Dataset extract Block Start
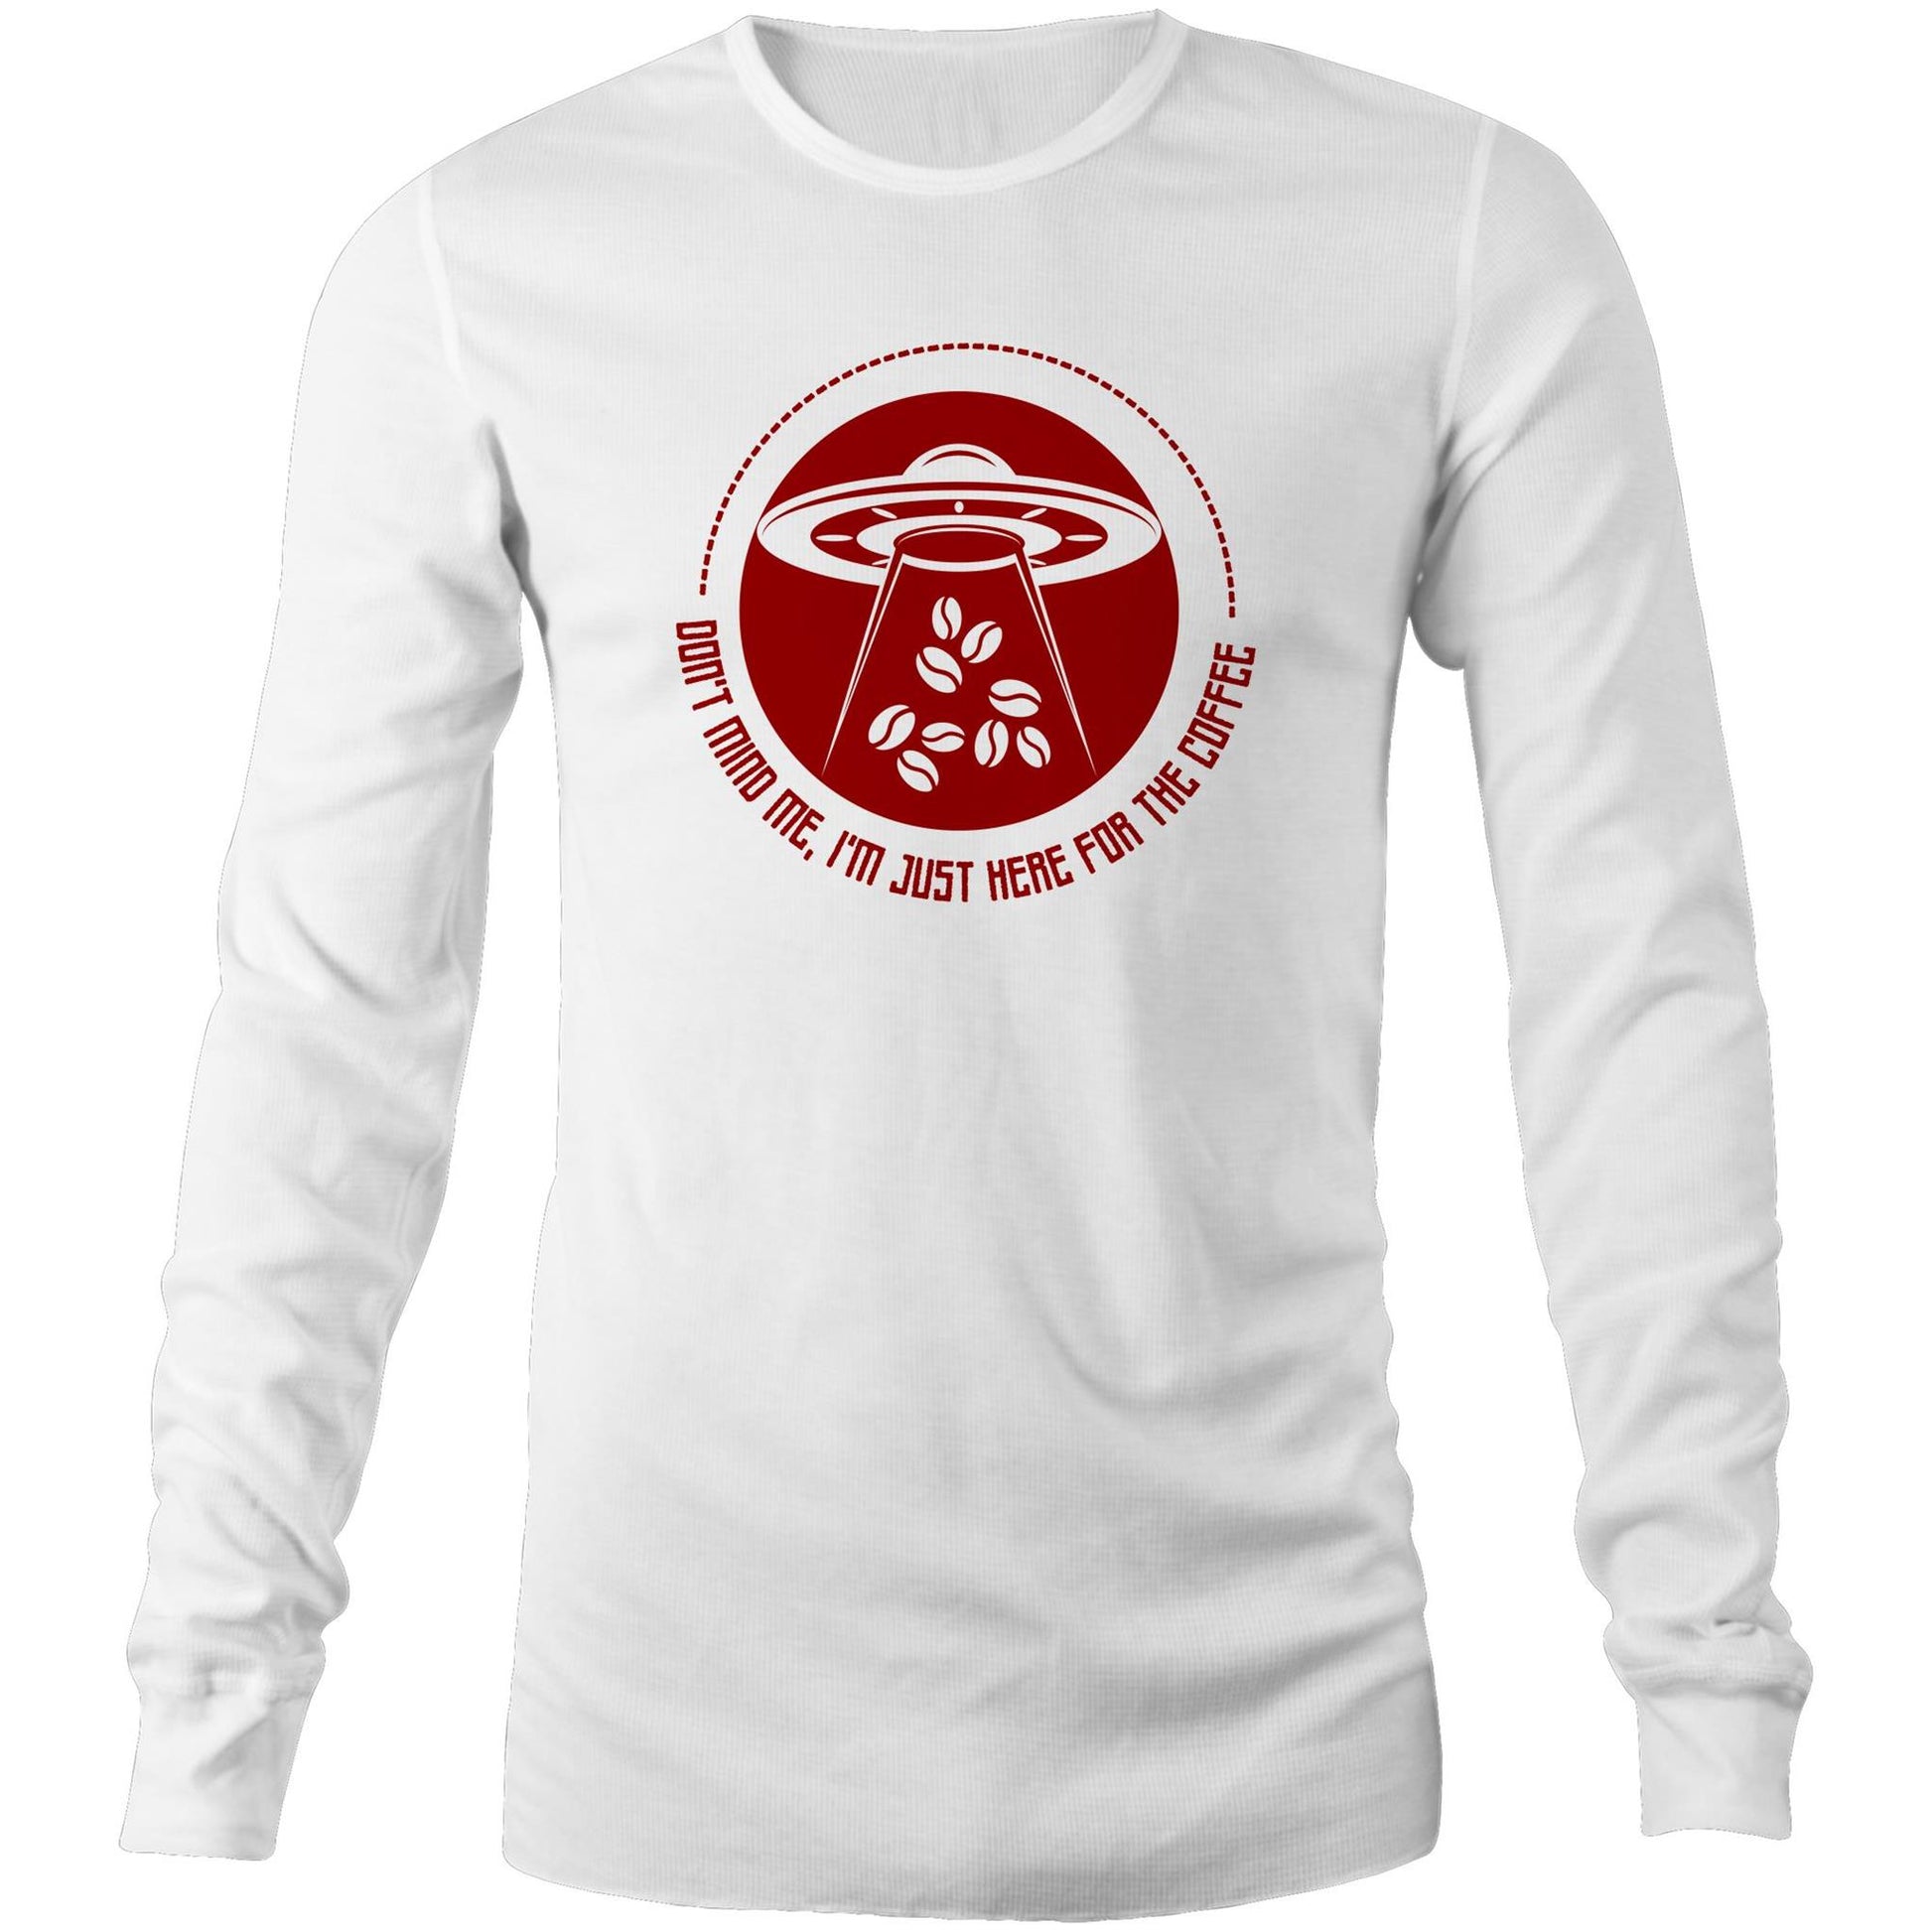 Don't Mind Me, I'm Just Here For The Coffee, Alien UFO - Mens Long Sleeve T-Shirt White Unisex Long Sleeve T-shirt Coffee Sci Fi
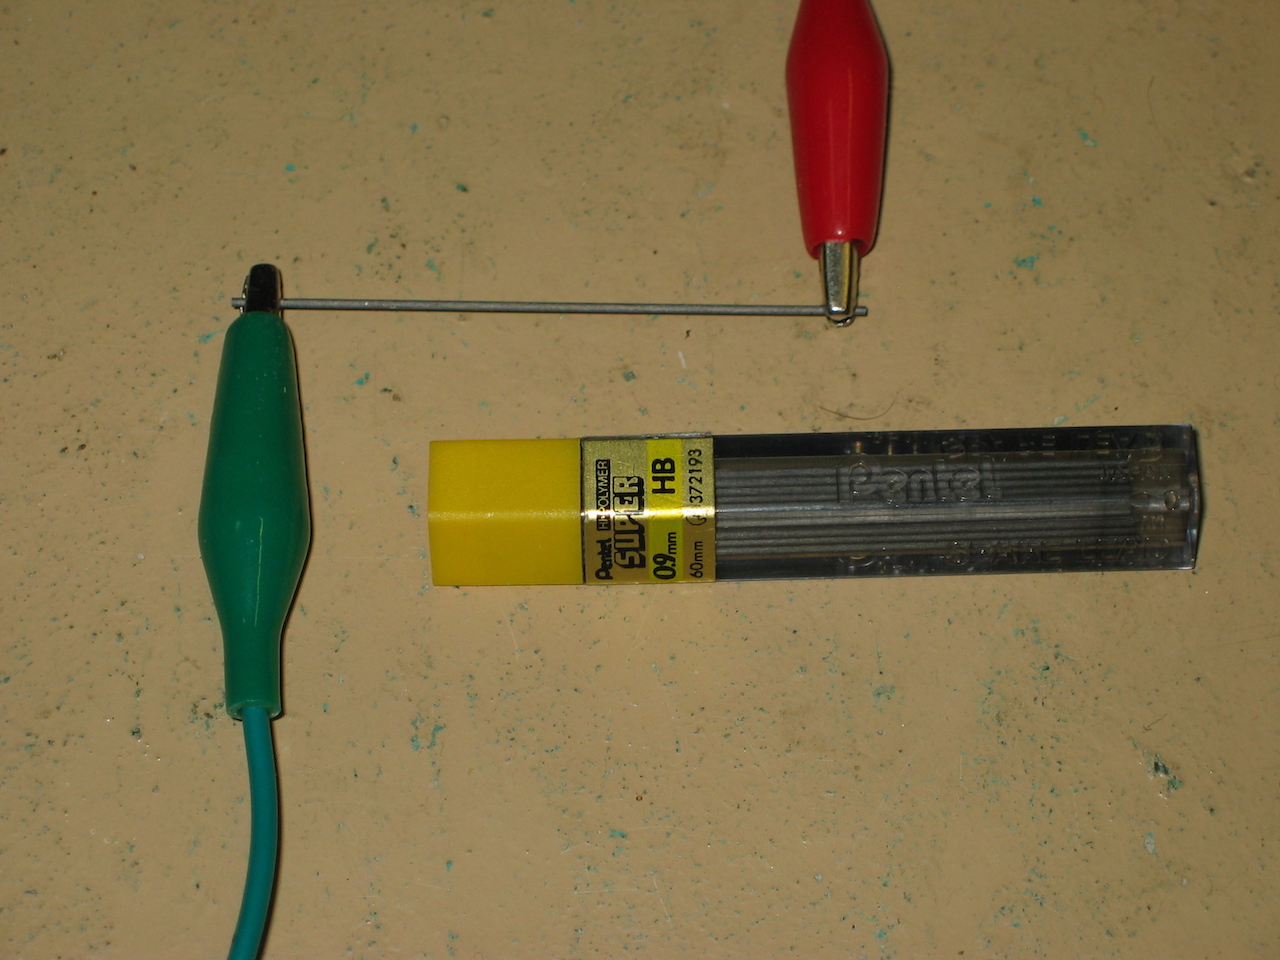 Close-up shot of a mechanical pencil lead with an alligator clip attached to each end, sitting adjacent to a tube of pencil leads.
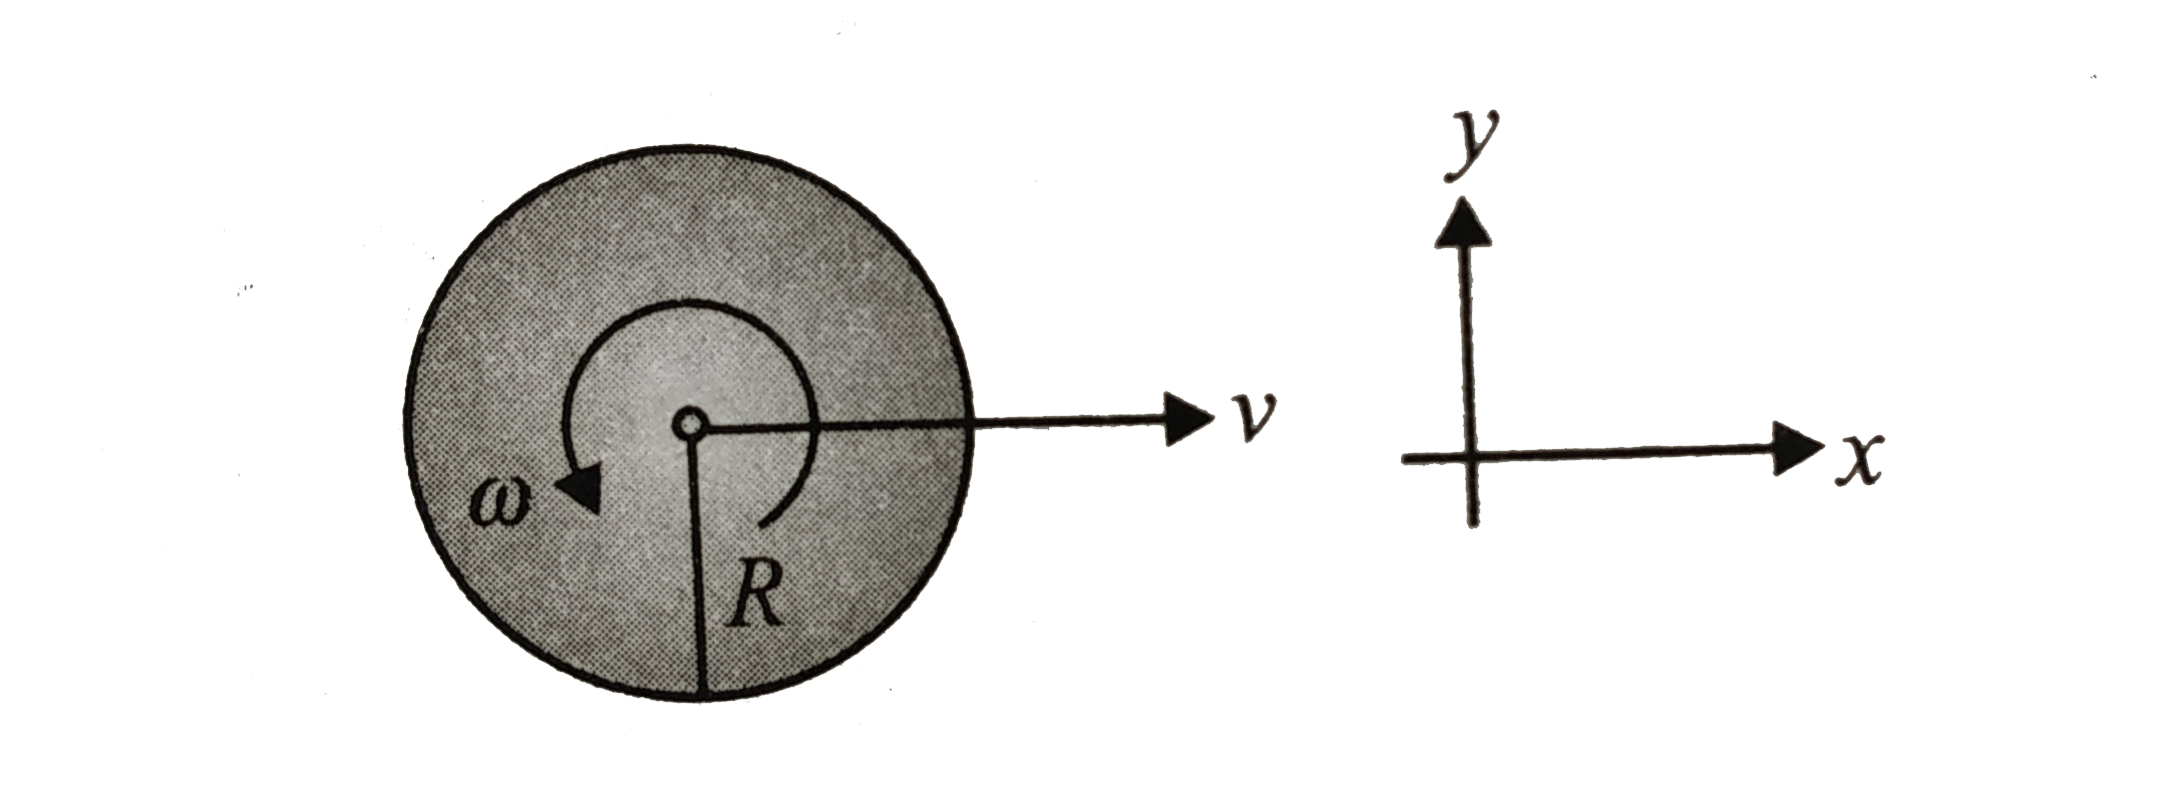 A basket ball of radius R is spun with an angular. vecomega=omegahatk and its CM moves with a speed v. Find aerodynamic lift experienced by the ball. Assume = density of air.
Dataset extract Block End
• Assigned task
Reproduce the lines above exactly, please, but not the pictures in them.

• Your solution
 Don't Mind Me, I'm Just Here For The Coffee, Alien UFO - Mens Long Sleeve T-Shirt White Unisex Long Sleeve T-shirt Coffee Sci Fi
 Close-up shot of a mechanical pencil lead with an alligator clip attached to each end, sitting adjacent to a tube of pencil leads.
 A basket ball of radius R is spun with an angular. vecomega=omegahatk and its CM moves with a speed v. Find aerodynamic lift experienced by the ball. Assume = density of air.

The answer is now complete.